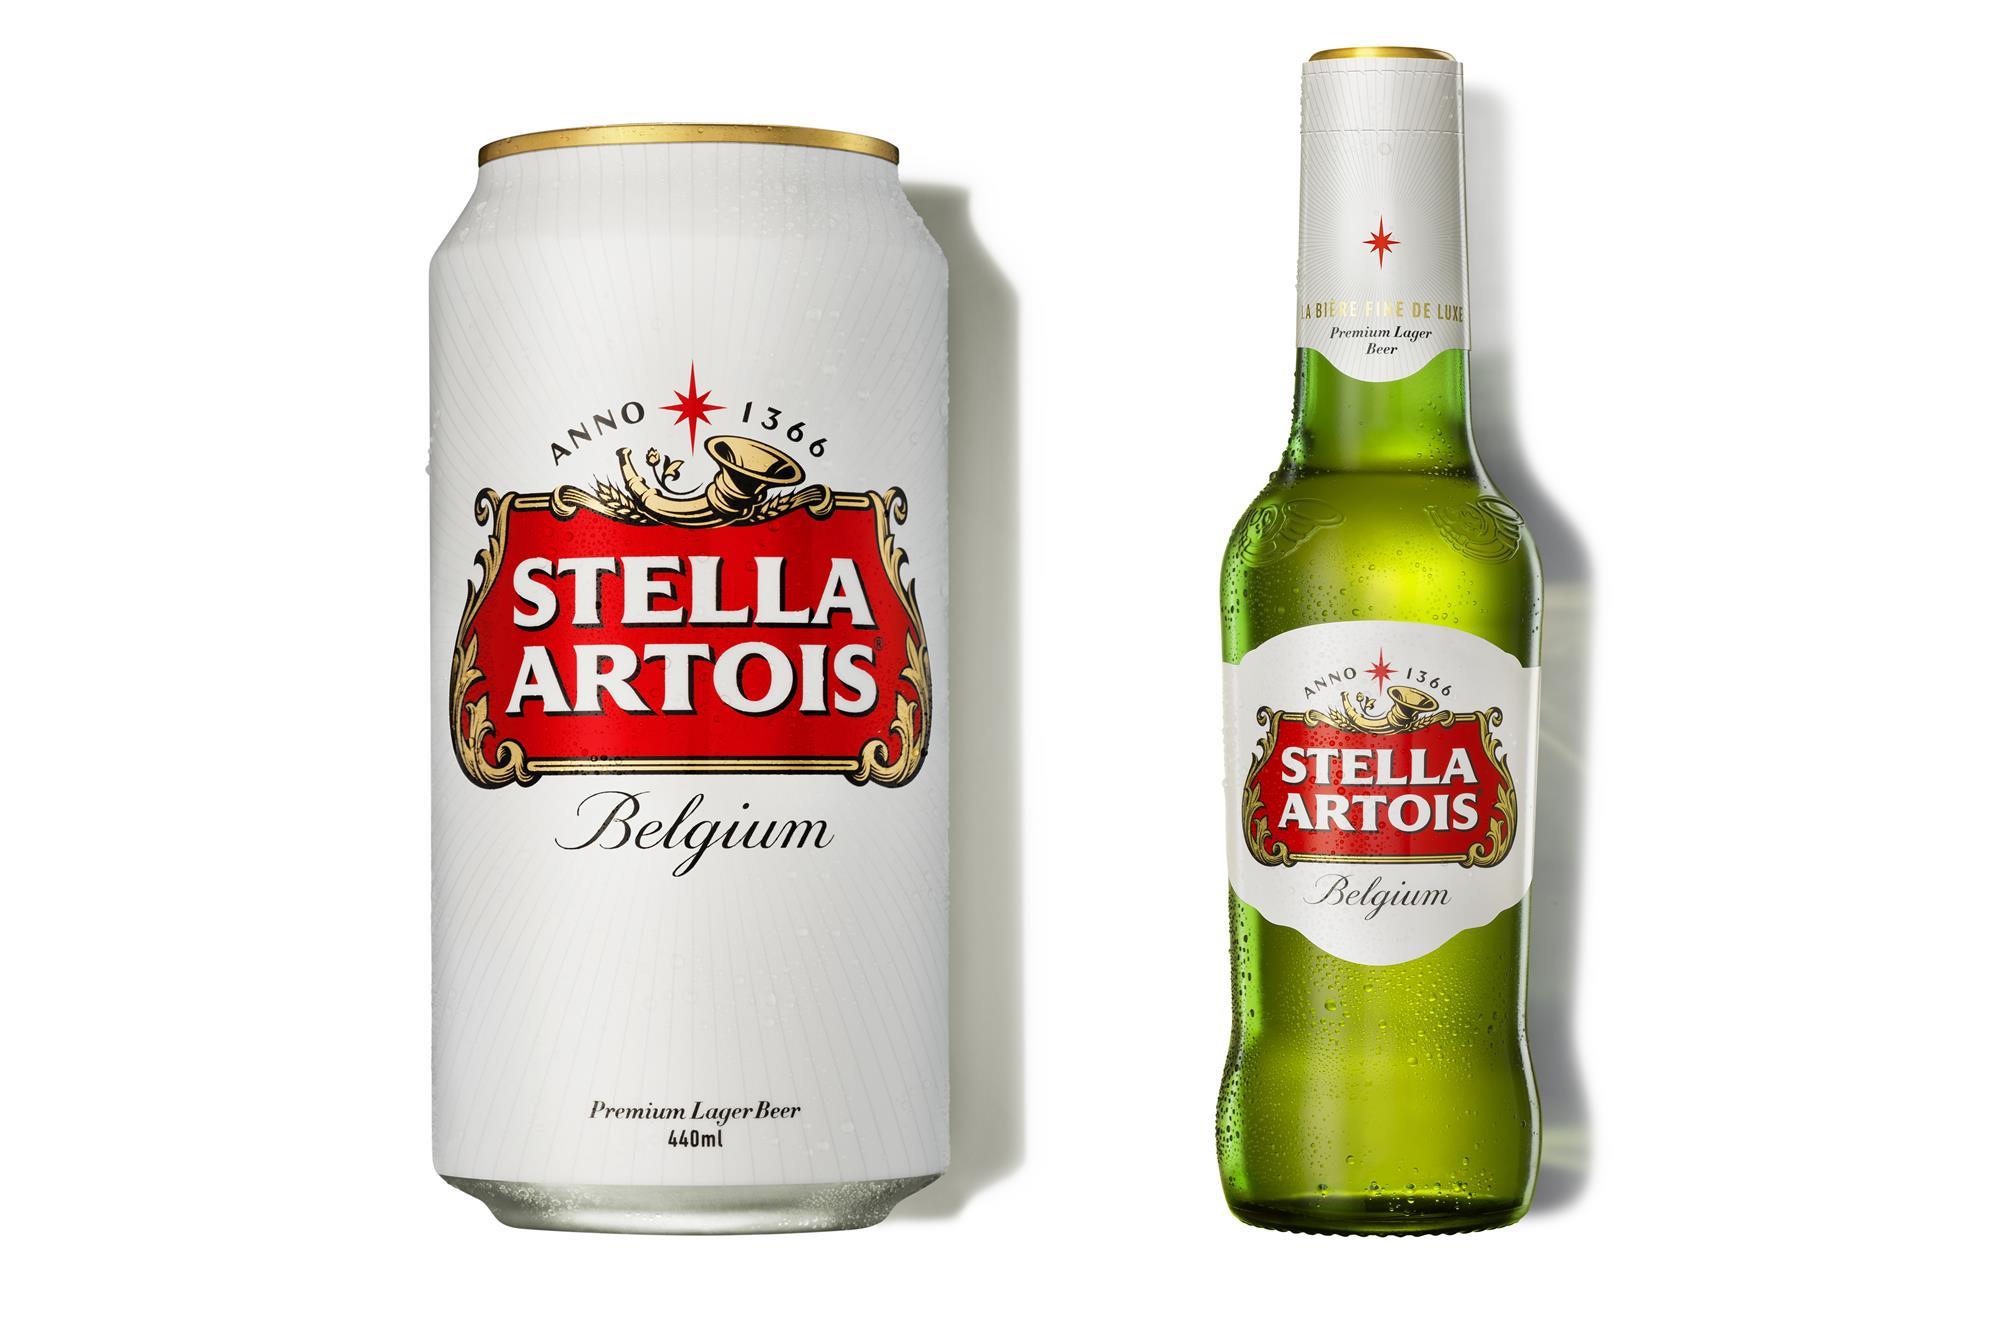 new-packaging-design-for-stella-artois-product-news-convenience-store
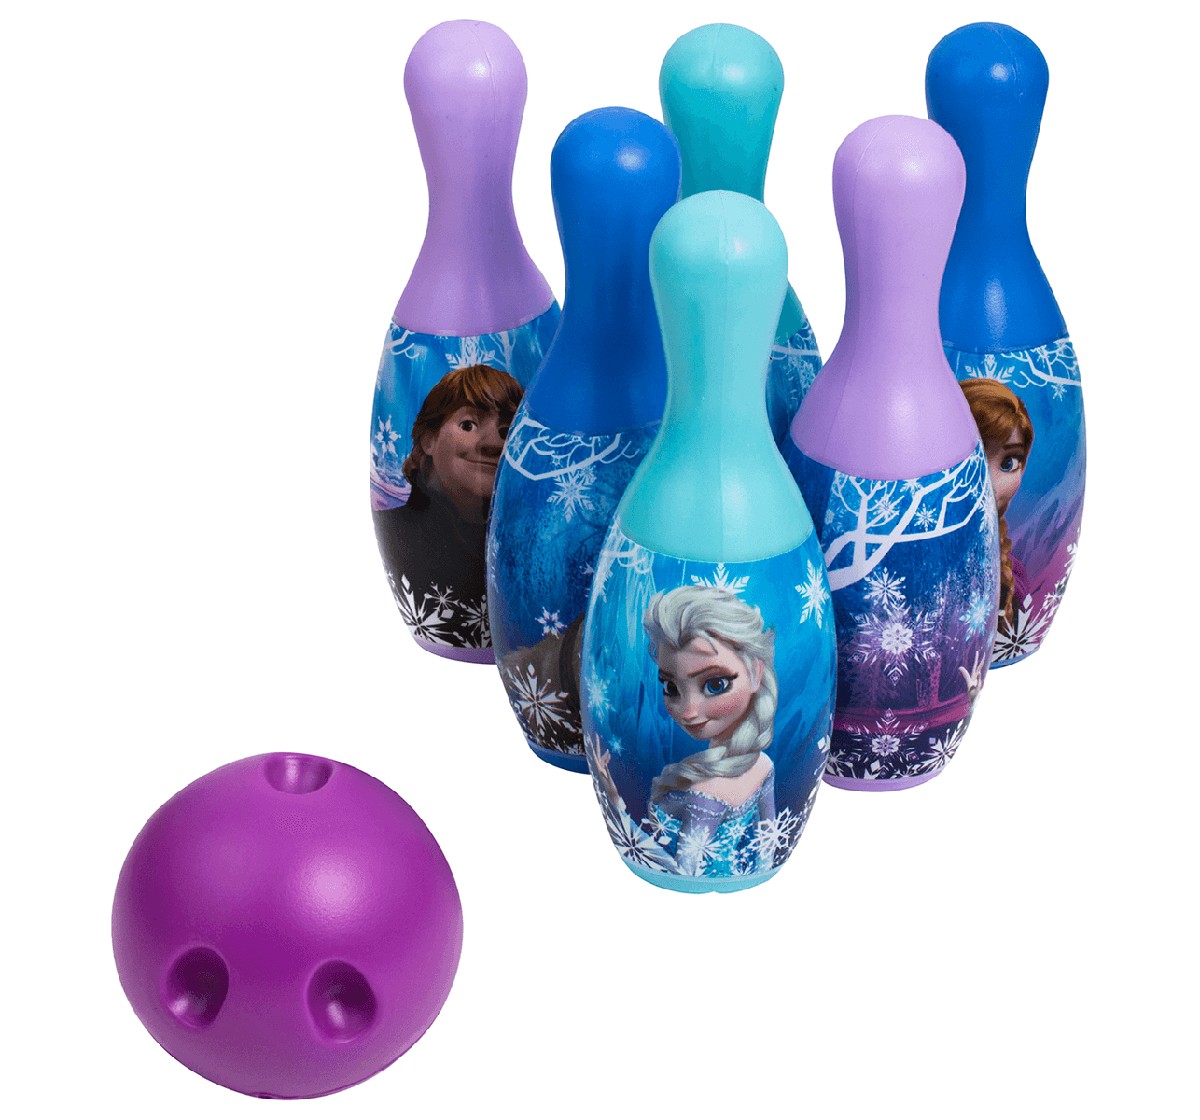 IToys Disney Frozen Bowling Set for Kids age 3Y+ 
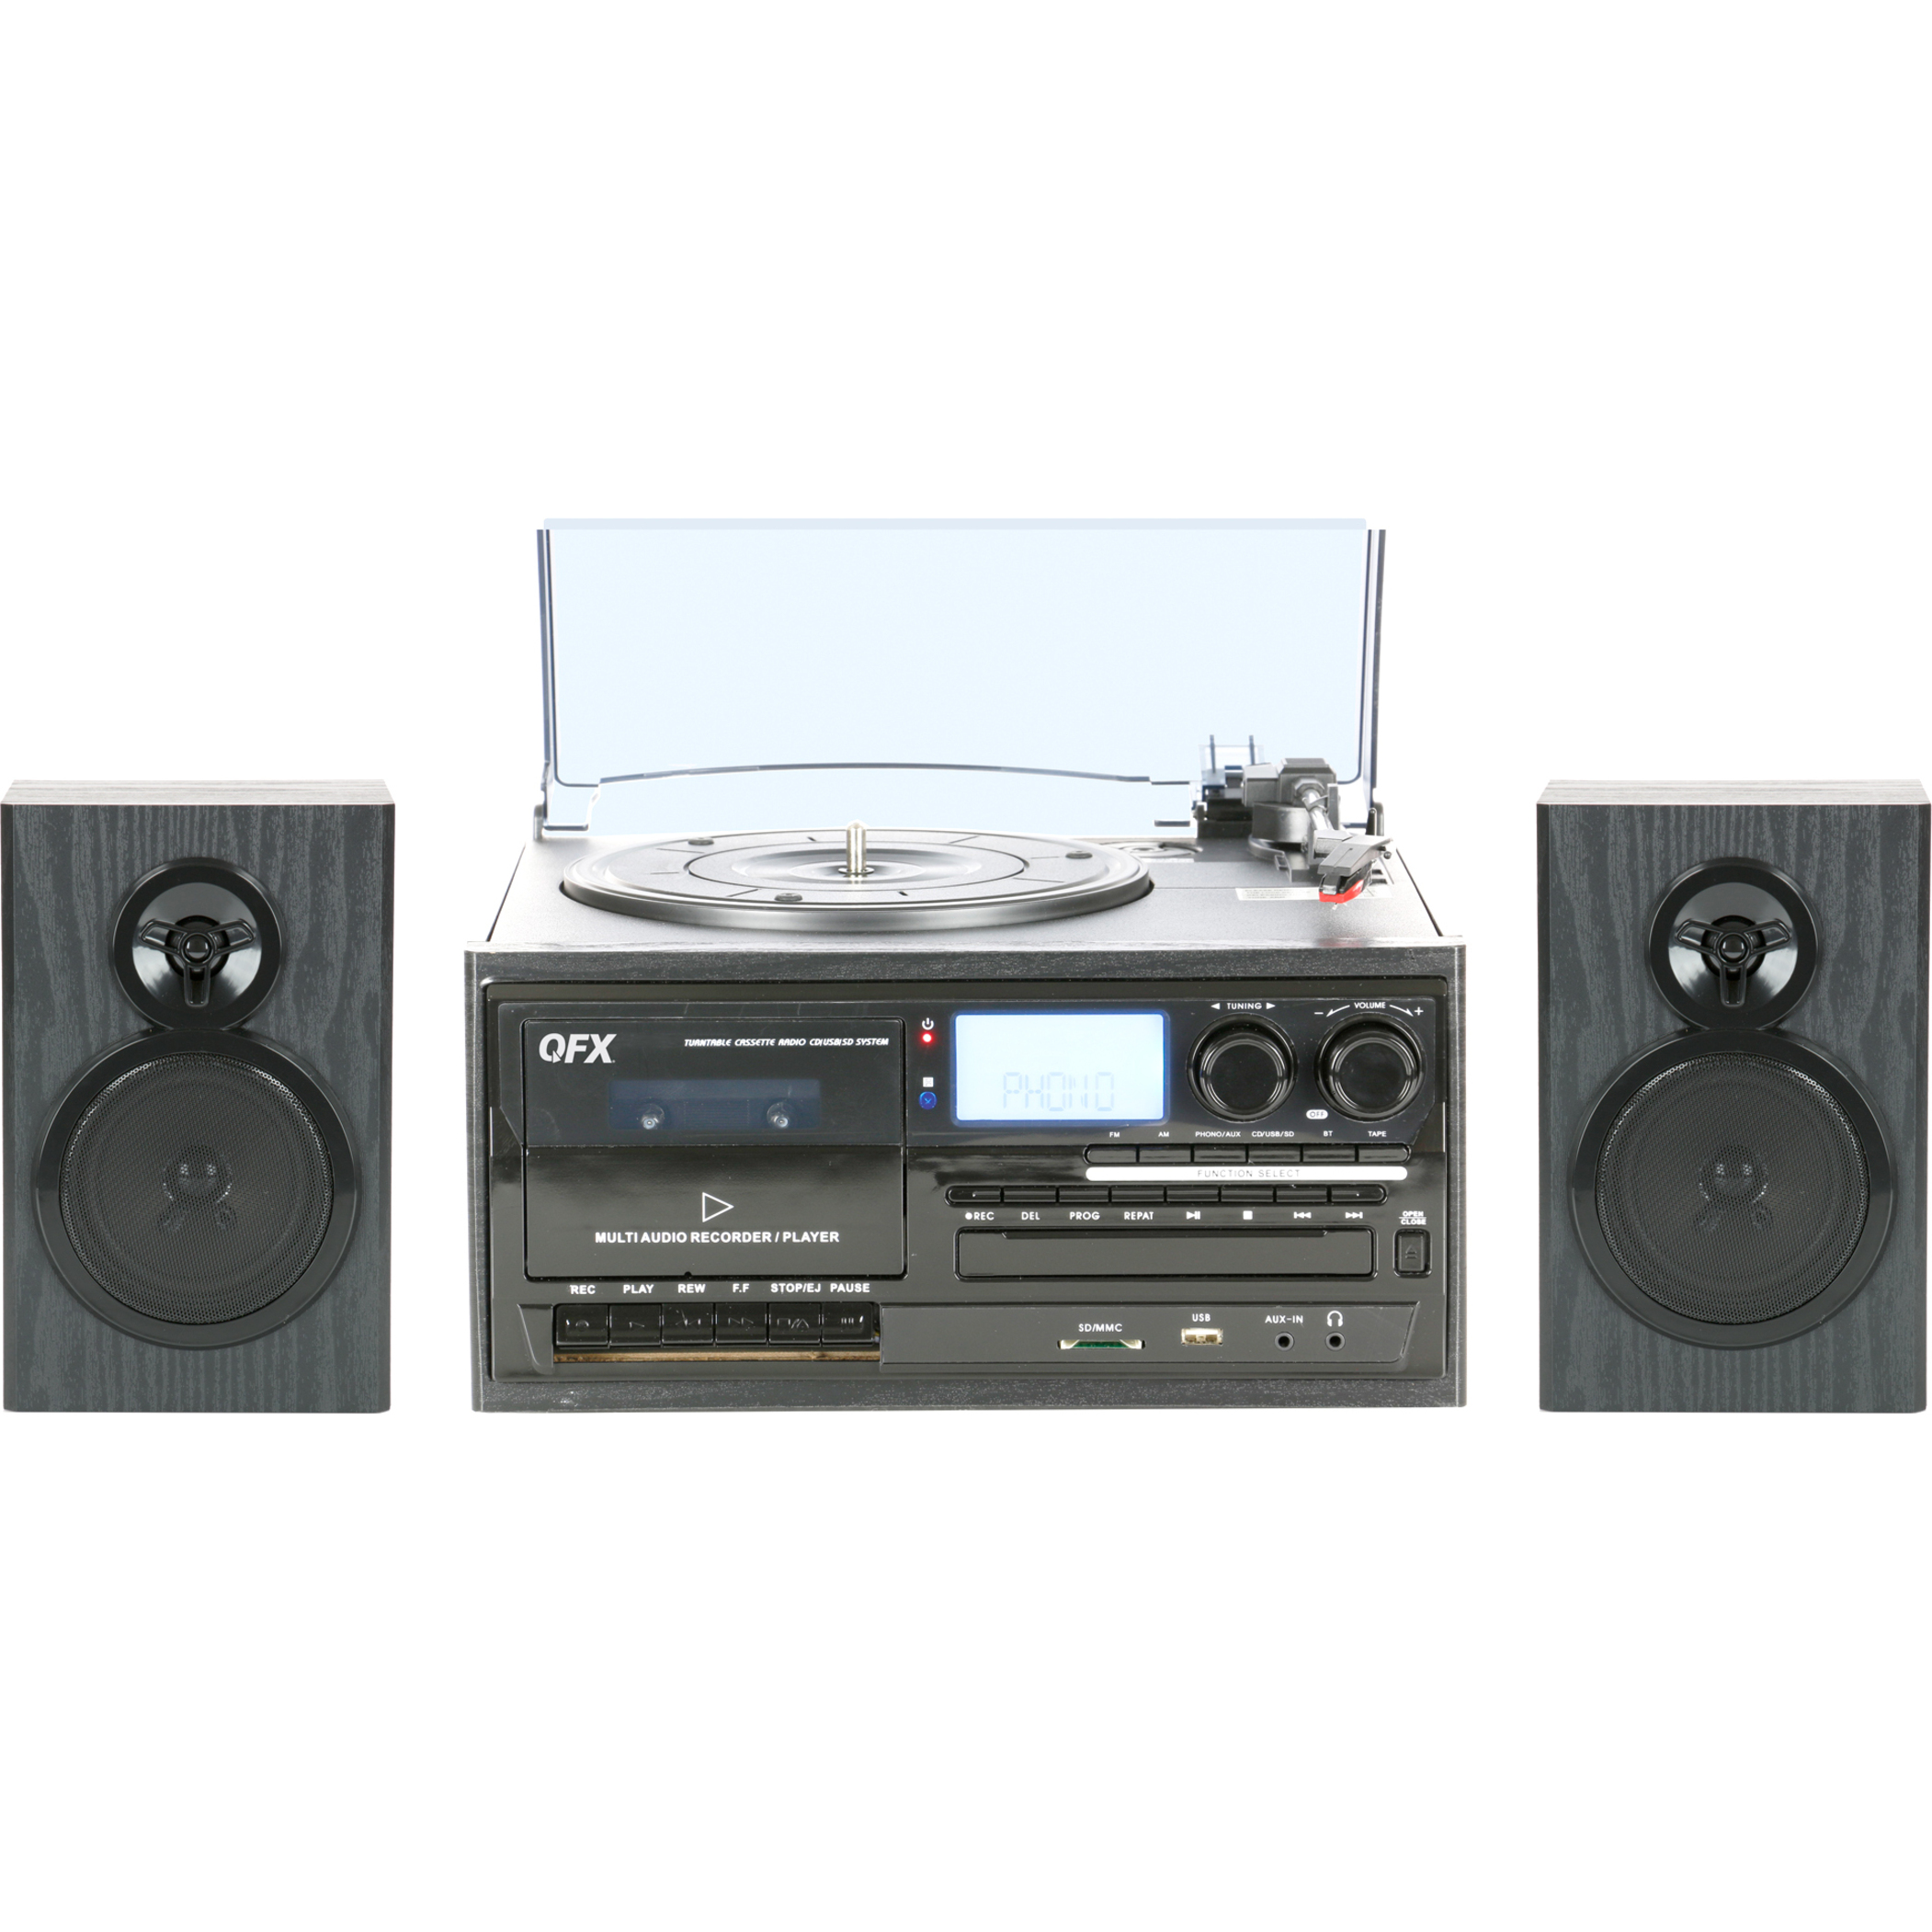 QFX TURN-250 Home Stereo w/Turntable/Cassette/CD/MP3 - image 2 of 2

★ ★ ★

Starting from the line where "IToys Disney Frozen" appears, copy every line through the end of the material, both ends included, but no pictures.

* [REPLY]
 IToys Disney Frozen Bowling Set for Kids age 3Y+ 
 QFX TURN-250 Home Stereo w/Turntable/Cassette/CD/MP3 - image 2 of 2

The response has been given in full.